— Supplied information —
========

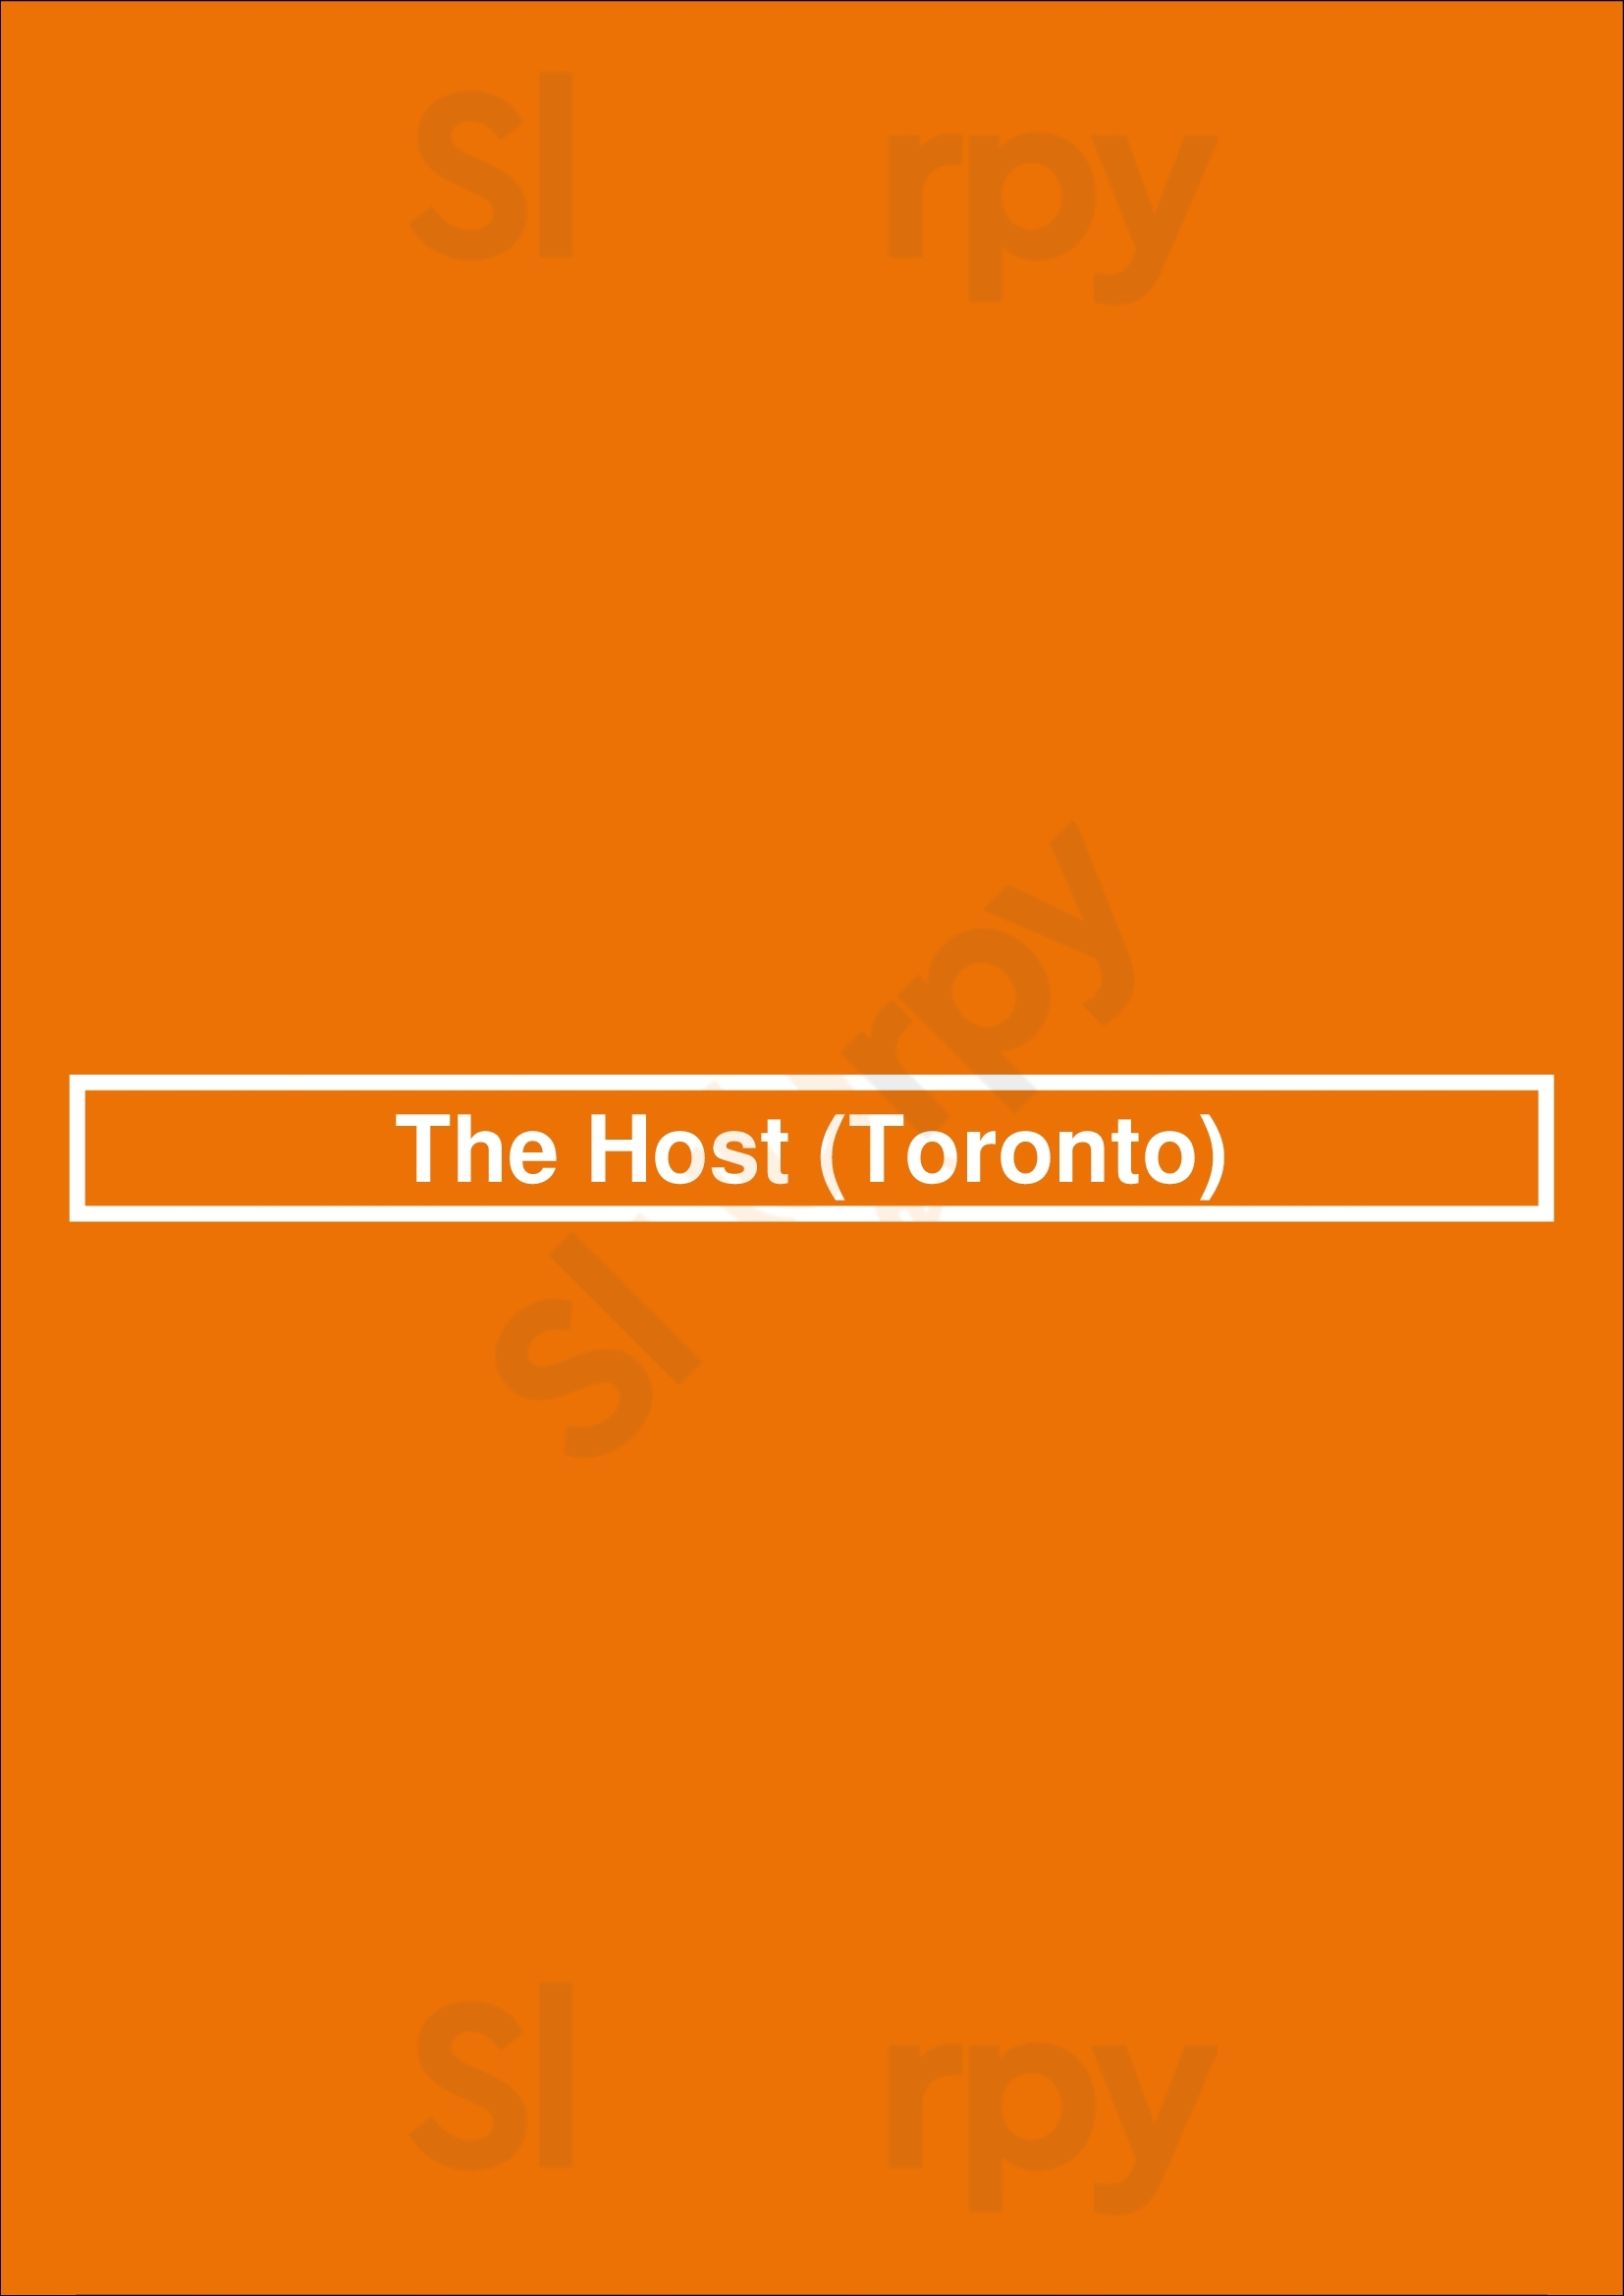 The Host Toronto Menu - 1
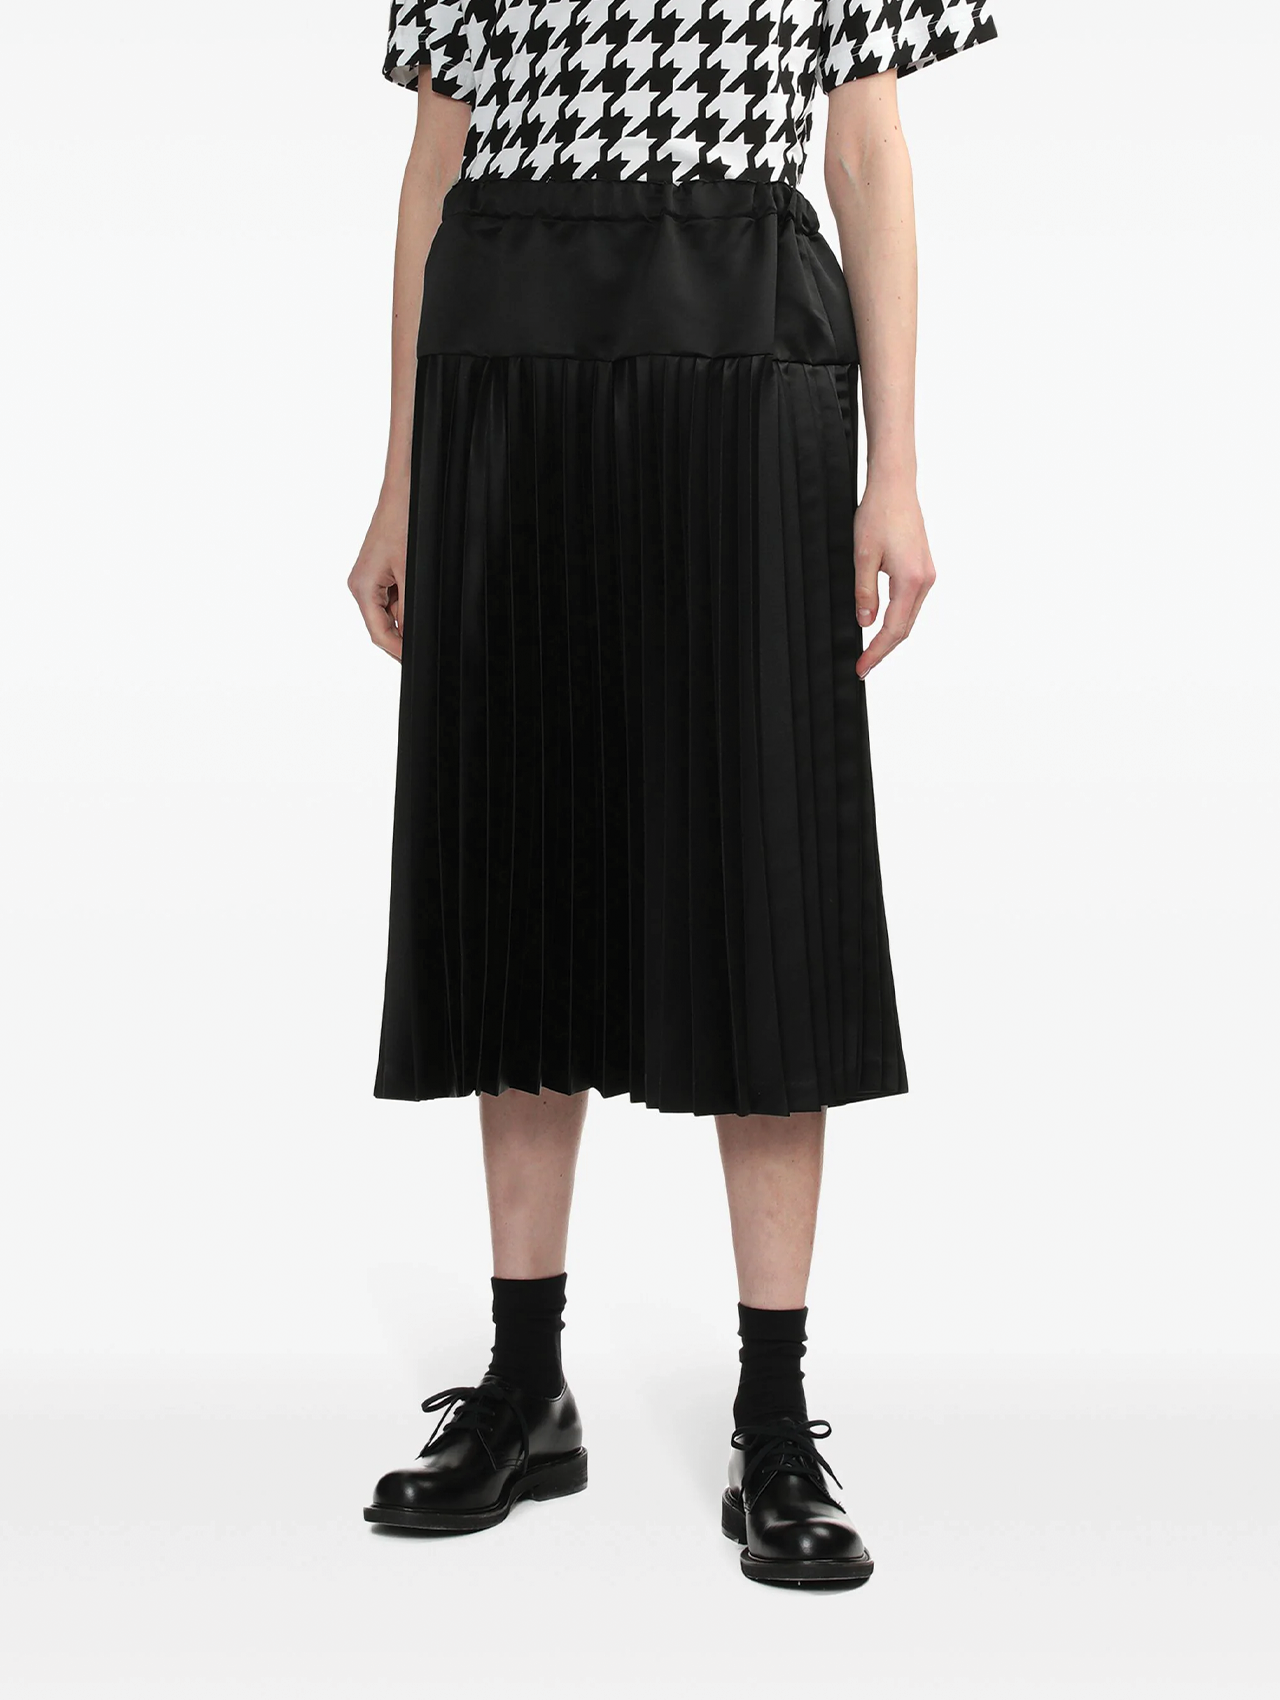 CDG CDG Black Satin Pleated Skirt
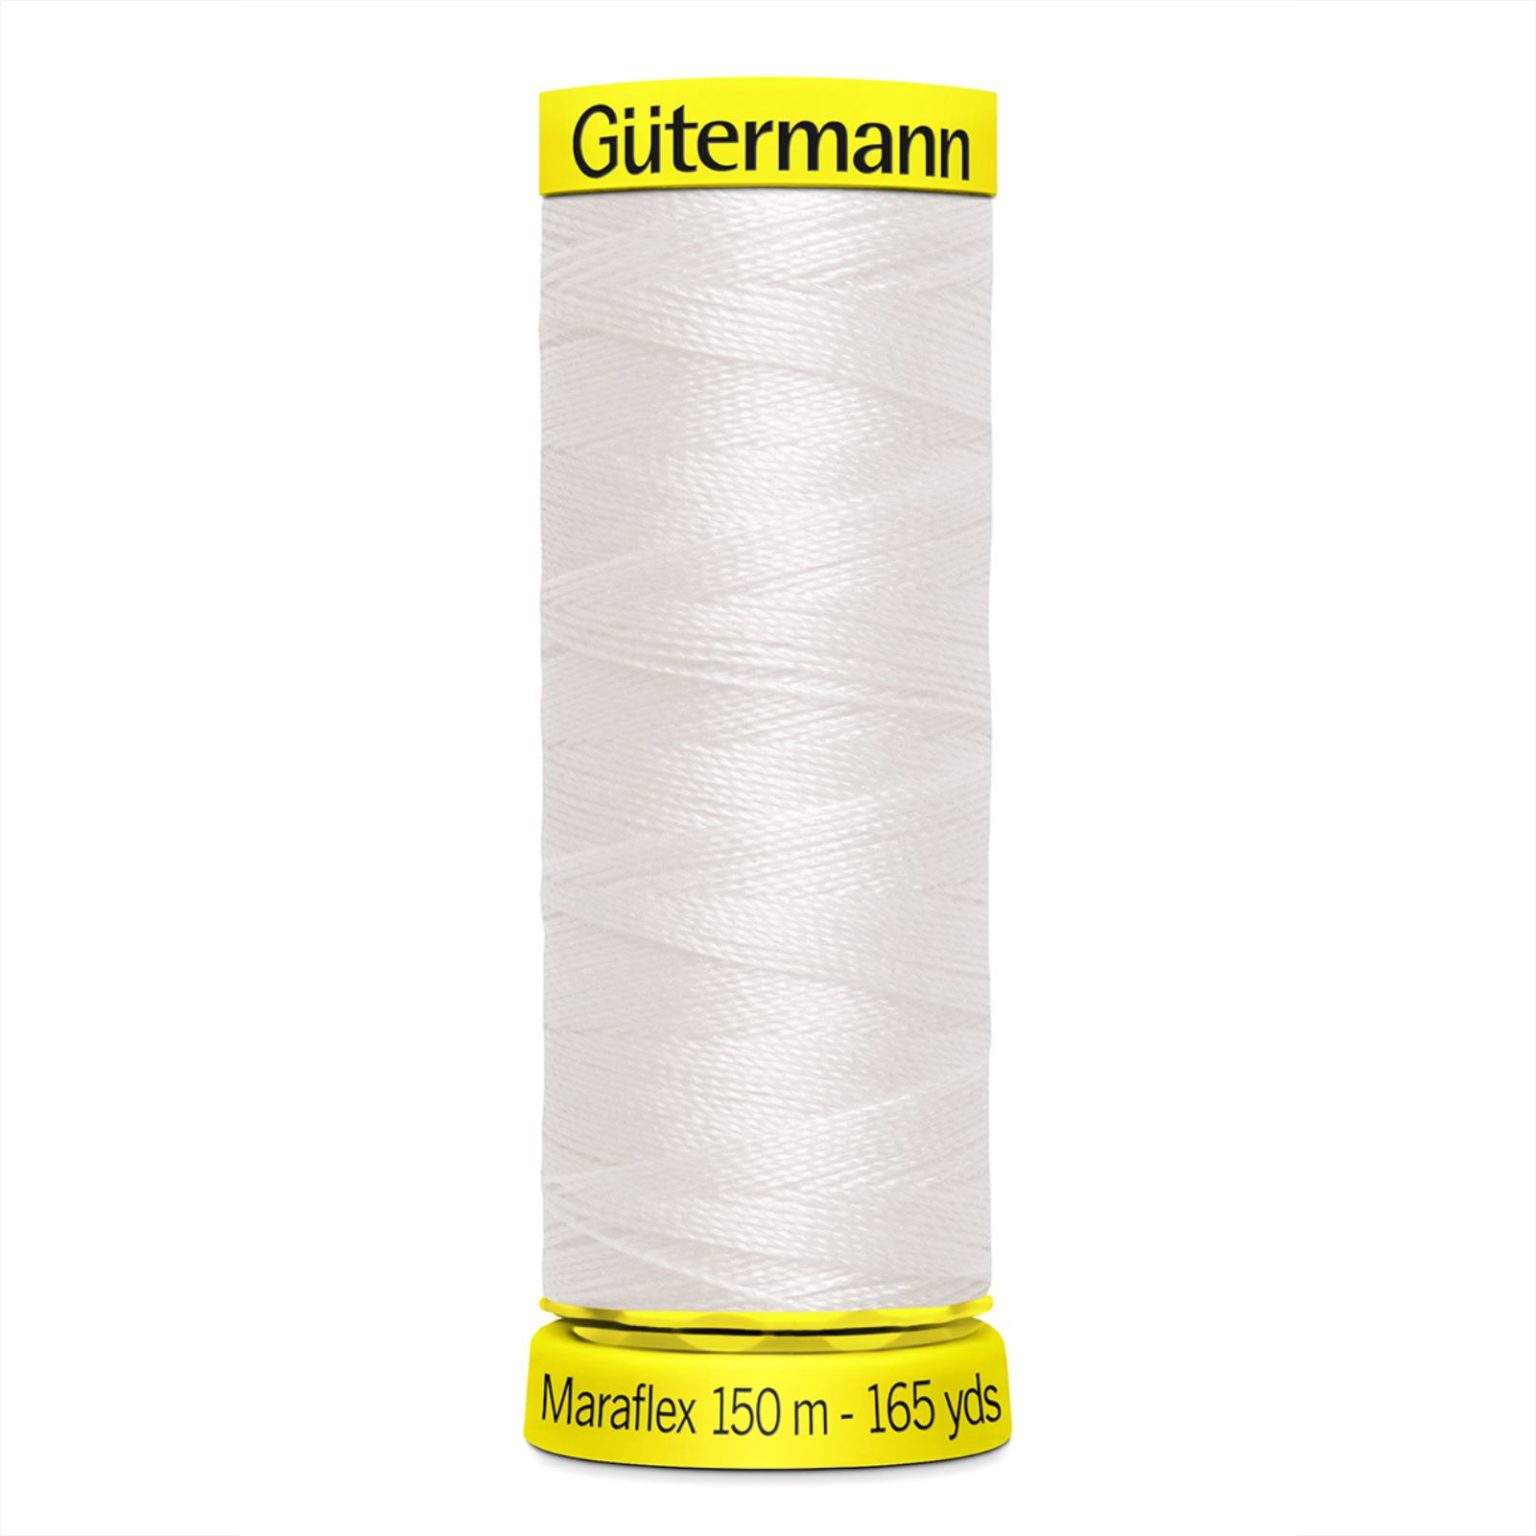 Gutermann Maraflex Thread | More Sewing

========

— Task details —
None of the pictures should appear; copy the rest of the material above exactly.

— Written solution —
 The Host Toronto Menu - 1
 CDG CDG Black Satin Pleated Skirt
 Gutermann Maraflex Thread | More Sewing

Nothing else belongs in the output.